The National Sports Council (NSC) and the National Olympic Committee of South Africa (NOCSA) will each elect seven members to the Sports Commission. Both, significantly, have ANC chairmen. That aside, the Sports Minister will appoint seven Sports Commission members, including its chairman and deputy chairman.
The most controversial aspect in Tshwete's proposed network to "co-ordinate" the administration of SA sport relates to interrelated clauses in the National Sport and Recreation Bill.
One compels sporting and recreational bodies to register with the Sports Commission in order to fulfil their administrative functions lawfully.
Another stipulates that it will be an offence, punishable by a fine (no limit is specified), or imprisonment for up to two years, or a combination of both, for officials to organise sporting or recreational events if registration has not taken place.
The bill offers the bland assurance that registration will not diminish the independence of sporting and recreational institutions. At the same time, however, it empowers the minister to "determine general policy" in sport and recreation and states unequivocally that the policy is binding on "all parties."

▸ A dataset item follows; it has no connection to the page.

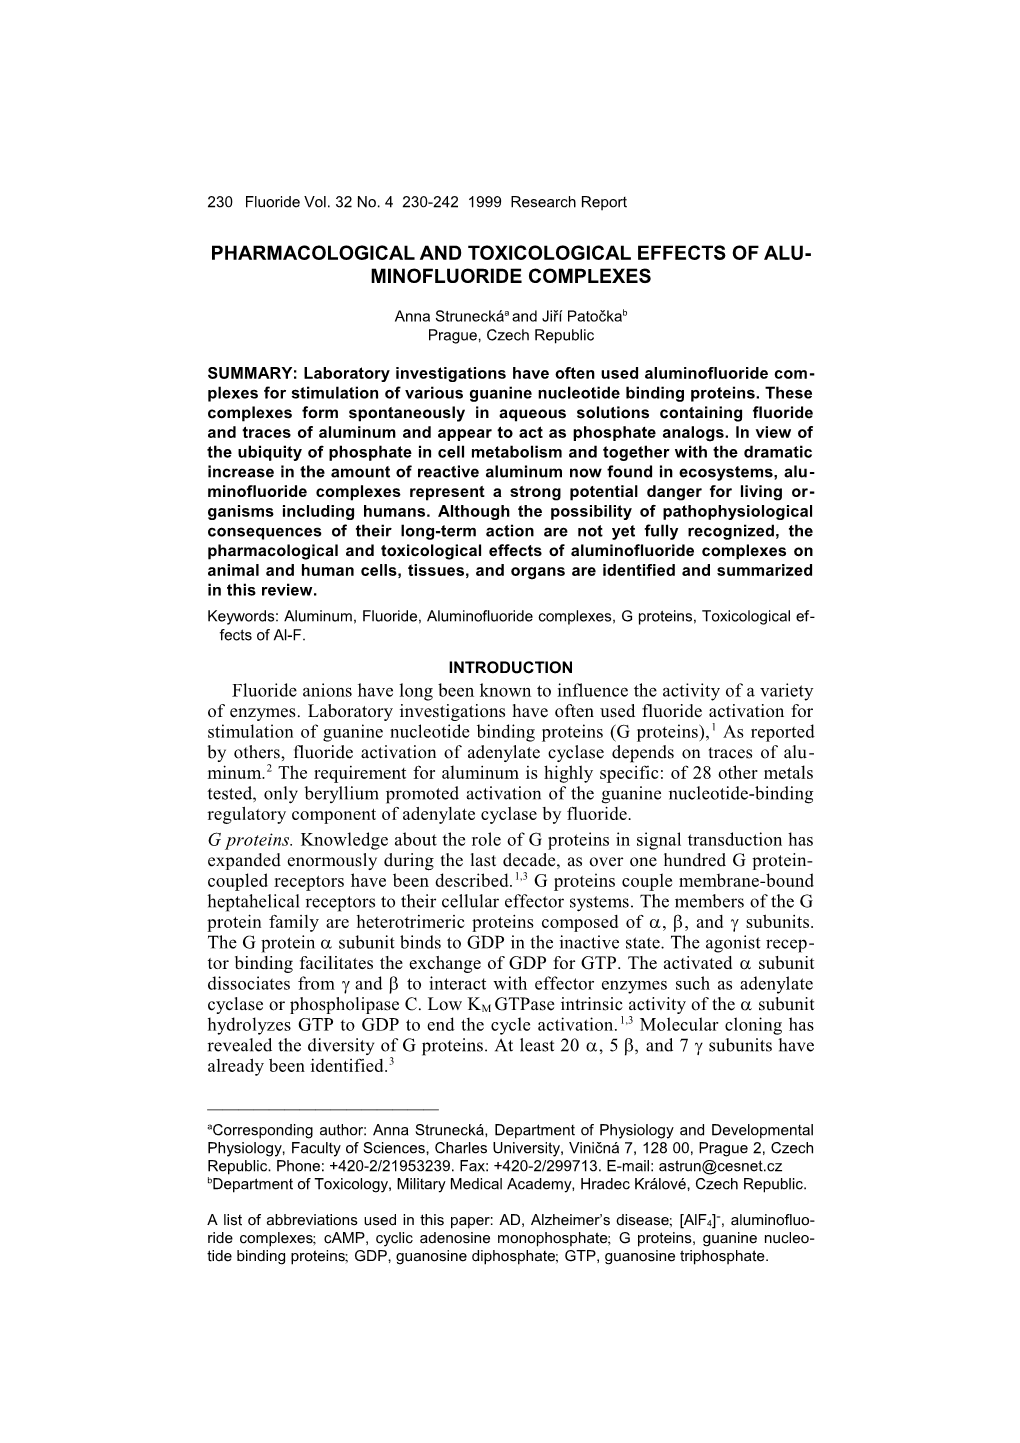 Pharmacological and Toxicological Effects of Aluminofluoride Complexes

The minister's power is justified in terms of laudable aims. These include "correcting imbalances," "promoting equity and democracy" and "instituting affirmative action controls."
Read together with a White Paper which preceded the bills, one of the objectives of ministerial intervention is to ensure that national teams reflect South Africa's "racial demographics." Lurking behind that sentiment is the vision of a national team composed of racial quotas.

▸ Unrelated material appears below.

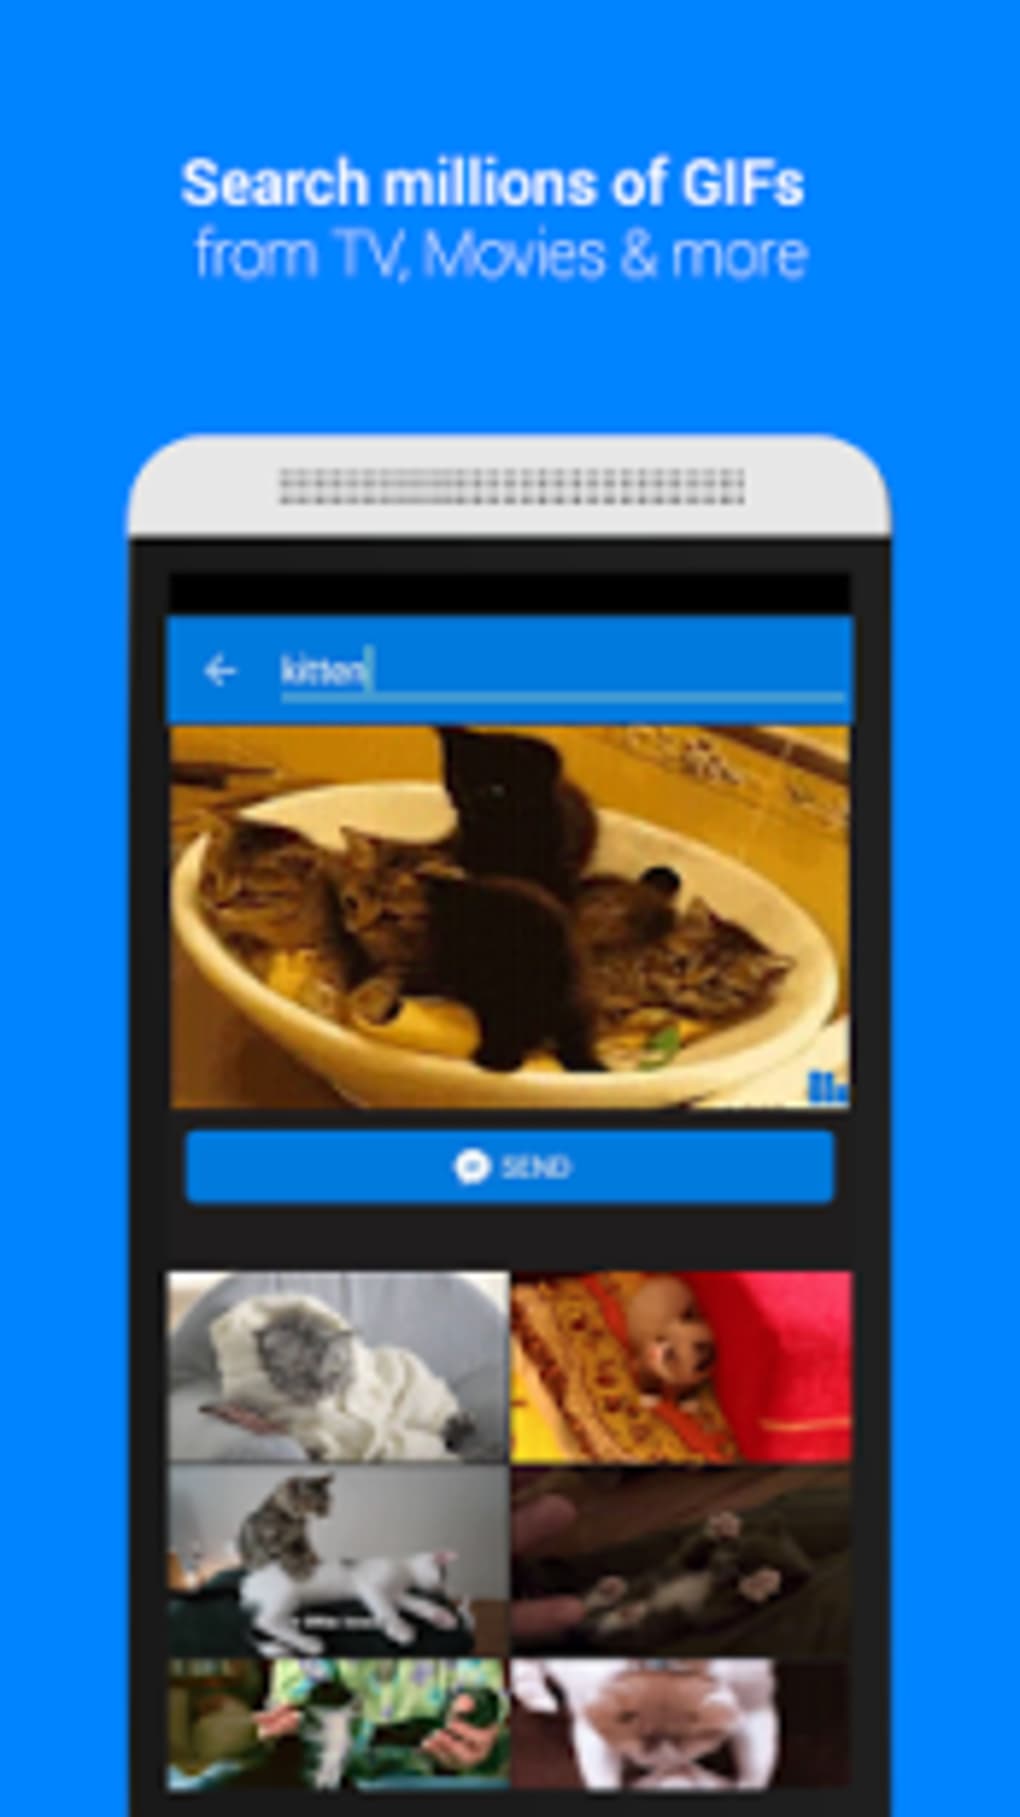 gif keyboard for android text

Another point of concern is a clause providing for "dispute resolution." In event of a dispute within a sport or recreation body "any member" who still feels aggrieved after the matter has been dealt with internally can ask the Sports Commission to intervene. "The decision of the Sports Commission will be final."

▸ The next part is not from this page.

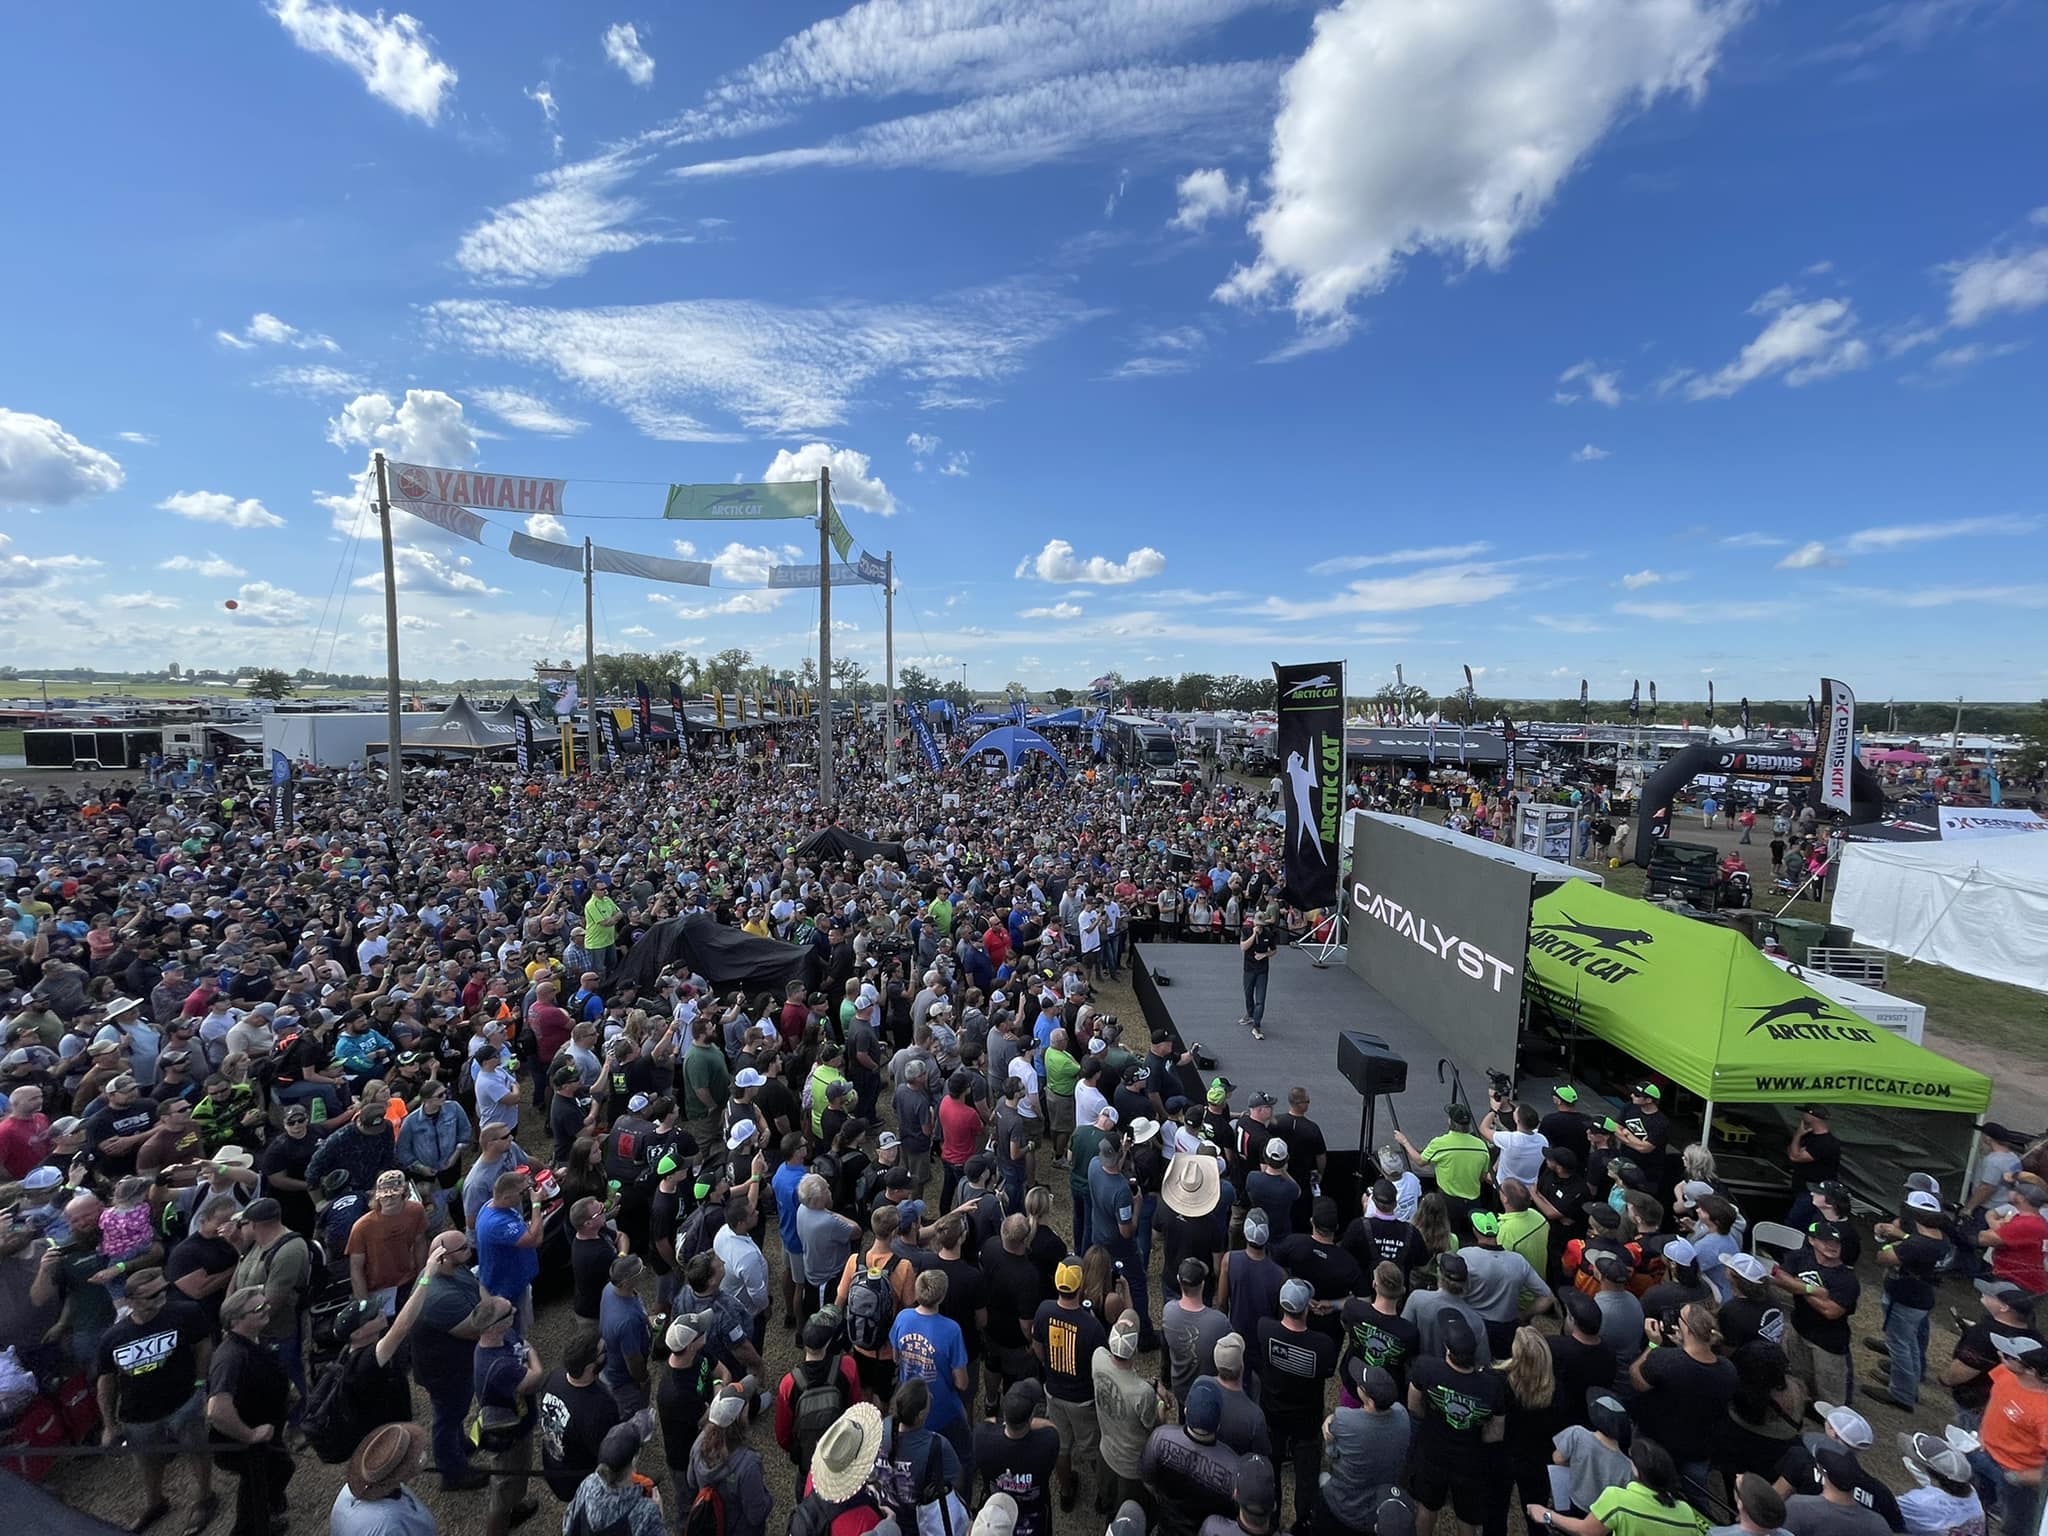 HayDays 2022 - the grand-daddy of consumer snowmobile shows.

Thus, on the face of it, a single disgruntled member can undermine the autonomy of a sports or recreation body, even if he or she is unrepresentative of majority opinion within the organisation.
A sub section of the same clause compounds the problem for those who feel that the independence of sports administrators or recreation organisers is undermined by the bills. It empowers the Sports Commission to initiate investigations on the mere suspicion of corruption, acrimony or discrimination in sporting or recreational institutions and to request the President to appoint a legal commission of inquiry into the matter.
The dispute resolution clause should be seen in the context of the conflict within the South African Rugby Football Union between Luyt and disgruntled elements led by NSC president Mlukele George and backed by Tshwete.
The aftermath of the conflict lives on: political pressure, in the form of NSC threats to scupper international rugby tours to South Africa, forced Luyt to resign and the union to agree to allow NSC nominated candidates to fill four of the 11 positions on the rugby union's national executive.
In event of a similar dispute in rugby or another sport, the Sports
Commission will be empowered to intervene by law and the sporting administrators will be powerless to stop it.
A benign interpretation of the two bills presents them as social engineering in the interests of forging national unity from the disparate racial components of South Africa's population.
The two main opposition parties disagree. The Democratic Party sees the bills as another sign of the ANC's "obsession with regulating and controlling the lives of ordinary South Africans from workplace to recreation." The National Party views them as an attempt by Big Brother to coerce sport institutions to "conform to (his) every prescriptive whim."